Let me use a Secha Capital portfolio company, Nativechild, as an example of how we can achieve great things by combining, incentivizing, and stimulating the best of our local human capital resources. Nativechild sells natural hair care products, which means that every time a consumer buys hair growth oil or moisture cream from Sonto and her team, that money re-circulates in the African economy, instead of further enriching competitors based in the US and Europe. Moreover, Secha and Nativechild have helped seed our future generation of leaders: a former intern at Nativechild, Onkgopotse Khumalo would leave McKinsey to start her own health tech business. Seema Lalloo, an INSEAD and Bain alum, had offers in locations from New York to London, but decided to stay in South Africa to invest in and grow SMEs like Nativechild. And my story is the same: If not for the operator-investor role at Secha, I might be at a major American bank instead of growing SMEs and creating jobs here on the continent.

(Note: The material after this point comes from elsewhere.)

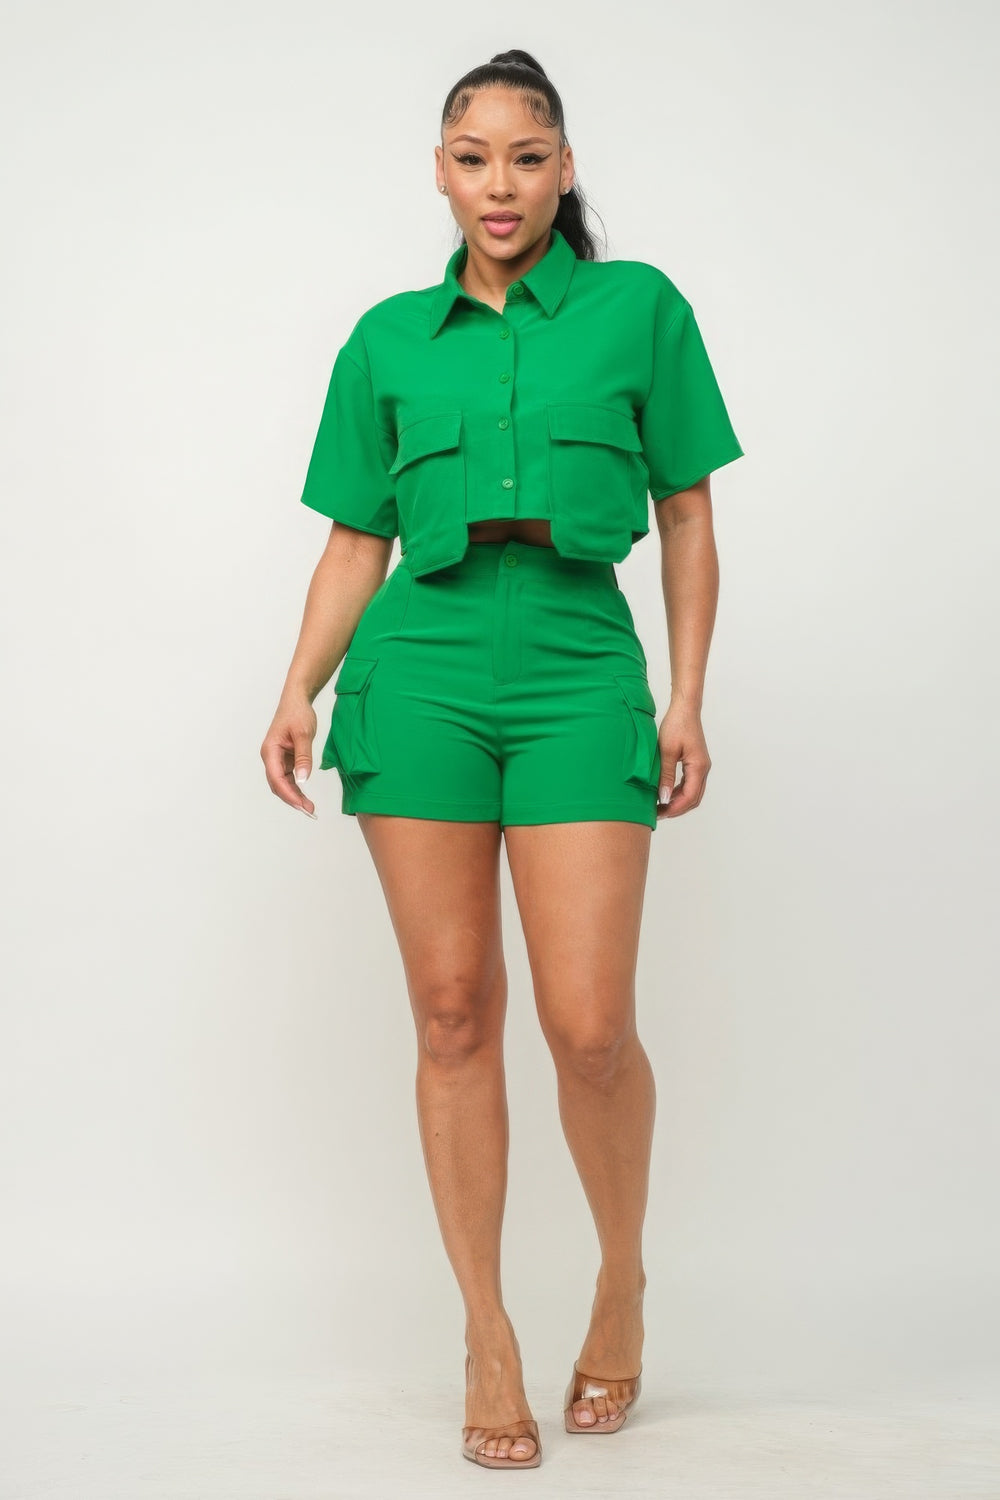 Front Button Down Side Pockets Top And Shorts Set - bertofonsi

Perhaps more importantly, we can create incredible financial value if we invest small amounts of agile capital into growing businesses and complement it with high-powered human capital via these operator-investors. BCG wrote that “investors that broaden their horizons will find abundant investment targets. Great opportunities in Africa are with smaller companies that are growing fast—and have the potential to grow much further with infusions of outside capital and management help.”

Unfortunately, most investment firms I speak with do not aim for innovative strategies but lament the many hurdles to investing. As Chamath Palihapitiya put it, often when you work at a VC or PE fund, your job is not so much “investor” as it is “investor relations.” This is again why I propose the operator-investor model: we need to allocate capital that will propel a wide funnel of people whom we can train as managers and as leaders in myriad industries.

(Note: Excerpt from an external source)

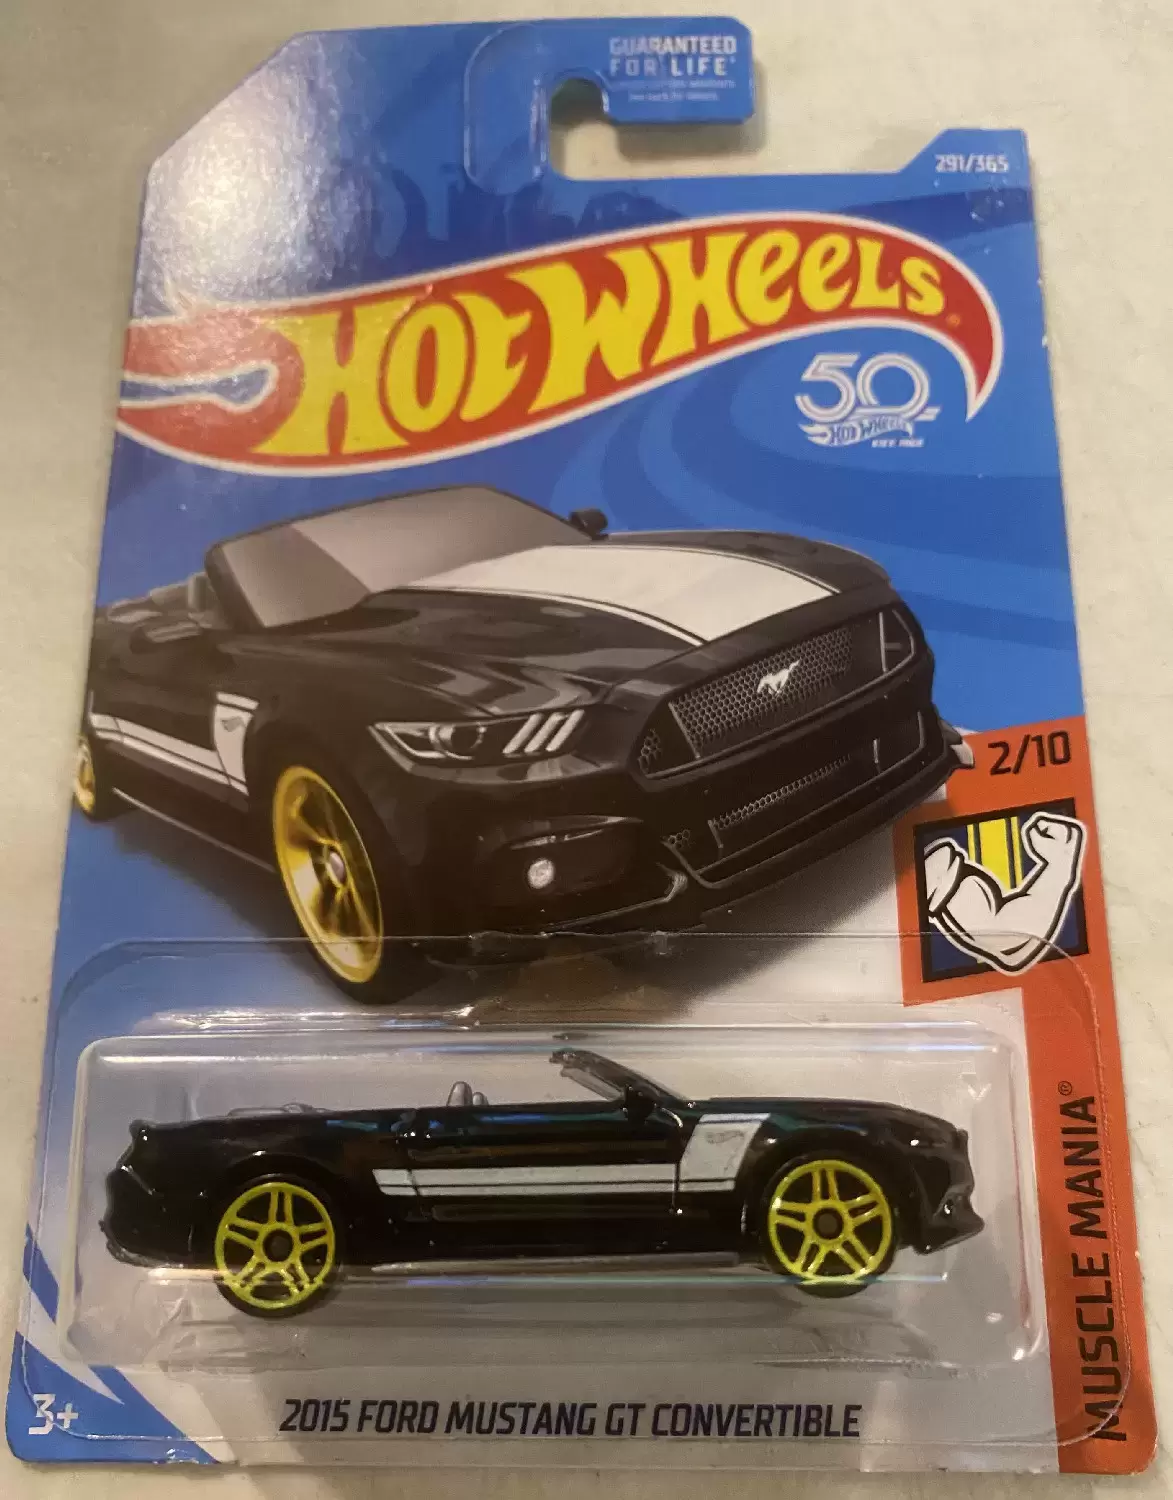 Hot Wheels Classiques - 2015 Ford Mustang GT Convertible (291/365) - Muscle Mania 2/10

In the Secha Capital portfolio alone, we have two recent market comparables in WUKINA and Stoffelberg Biltong, both of whom have raised less than $1M in outside capital, but can create huge returns thanks in part to the operator-investor model: WUKINA is “Africa's Avon for Wigs,” similar to the $40M VC-backed Mayvenn in the US, and Stoffelberg Biltong’s US comparable, Strye, just went public via a $170M SPAC deal. These are but two examples in sectors that are “old” and “unsexy,” but large. WUKINA and Stoffelberg are growing because they offer a great product, some innovation, and great execution via the entrepreneur and the Secha operator-investor.

It’s clear that there are many more companies out there like this in Africa. They just need a little bit of growth capital and human capital. We need to enable Africa’s best and brightest to become an arsenal of operator-investors to find, fund, and grow businesses on the continent for impact and returns!